Two weeks ago, CP&DR reported on a study by the law firm of Holland  & Knight that broke down 95 legal challenges to projects under the California Environmental Quality Act over the past 15 years. The study provided a comprehensive look for the firs ttime - finding, for example, that 60% of the cases challenged "infill" development projects as opposed to "greenfield", and over 70% of the cases were brought forth by local organizations. 

But what about the outcomes of these cases? Sixty percent of projects challenged may be "infill" type projects, but are they more likely to be shot down than "greenfield" type projects? Similarly, 73% of the cases were filed by local organizations, but to what extent are they victorious? The 15-year time period shows a success rate for plaintiffs of close to 50%, but did this trend hold over time? 

Seeking these answers, CP&DR broke down the Holland & Knight study to take a closer look at what's really going on. Here are some highlights:

* Though more infill projects are challenged, these challenges are much less likely to be successful. Only 31% of infill challenges were successful, compared to 55% of greenfield challenges.

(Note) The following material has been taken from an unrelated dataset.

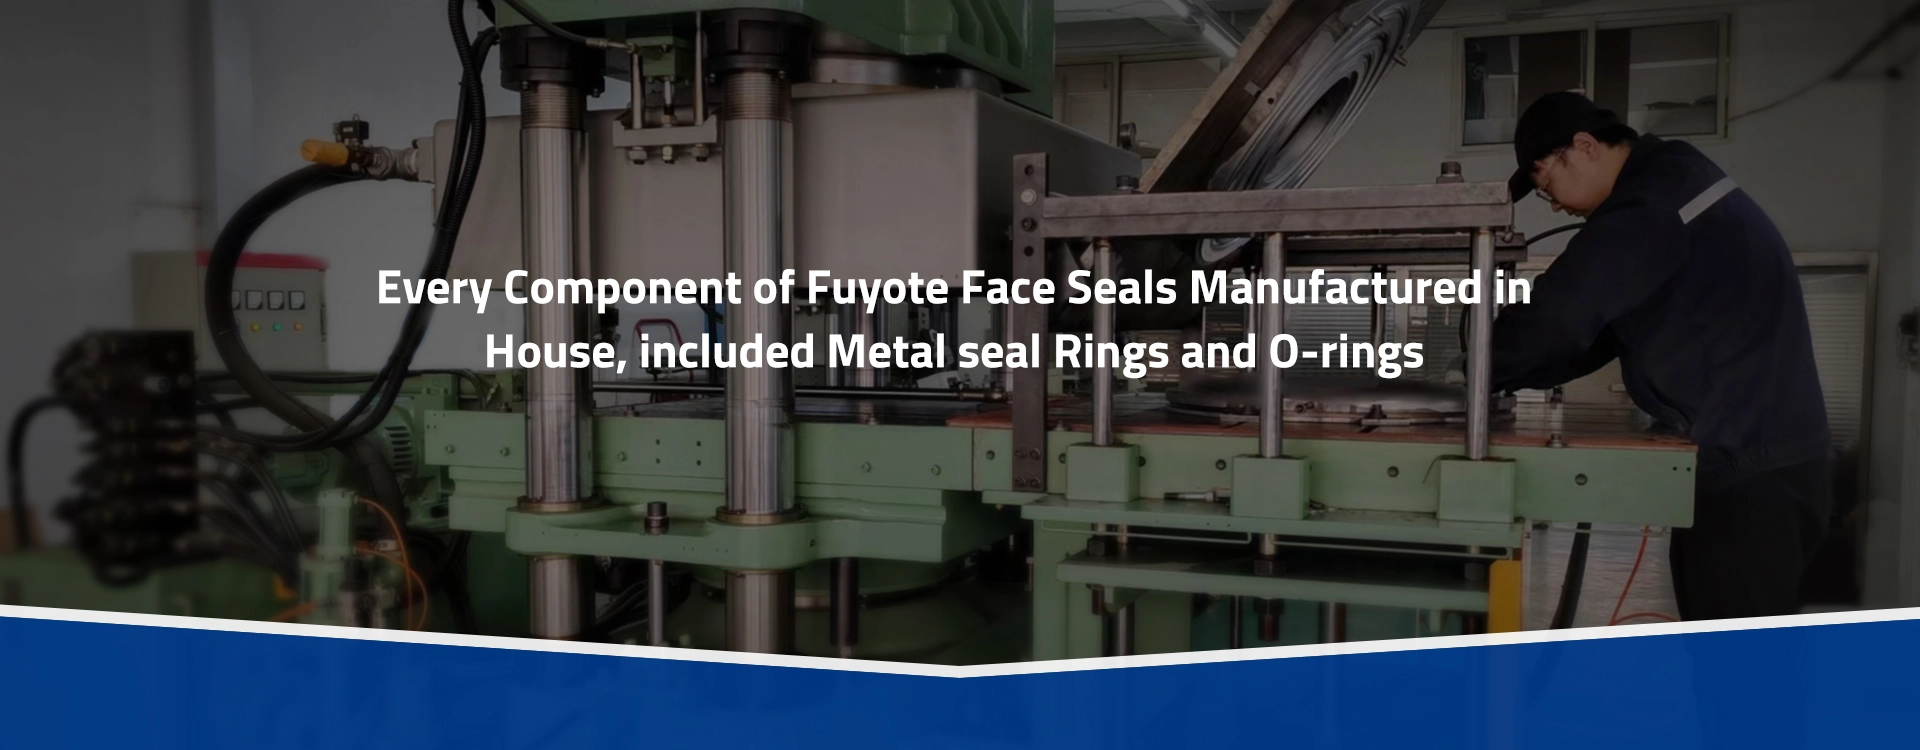 Every Component of Fuyote Face Seals Manufactured in House

* The success rate for legal challenges has been dropping steadily since 1997 - from 70% in the 1997-2002 period to only 34% in the 2007-2012 period.














* Legal challenges are most likely to succeed against infrastructure and industrial projects (more than 60%). Challenges were least likely to be successful against commercial projects (less than 30%).














* Legal challenges against public projects were more successful than legal challenges against private projects, though the difference was small (50% to 44%).

* Local plaintiffs were more likely to succeed than non-local plaintiffs, though again the difference was small (49% to 41%).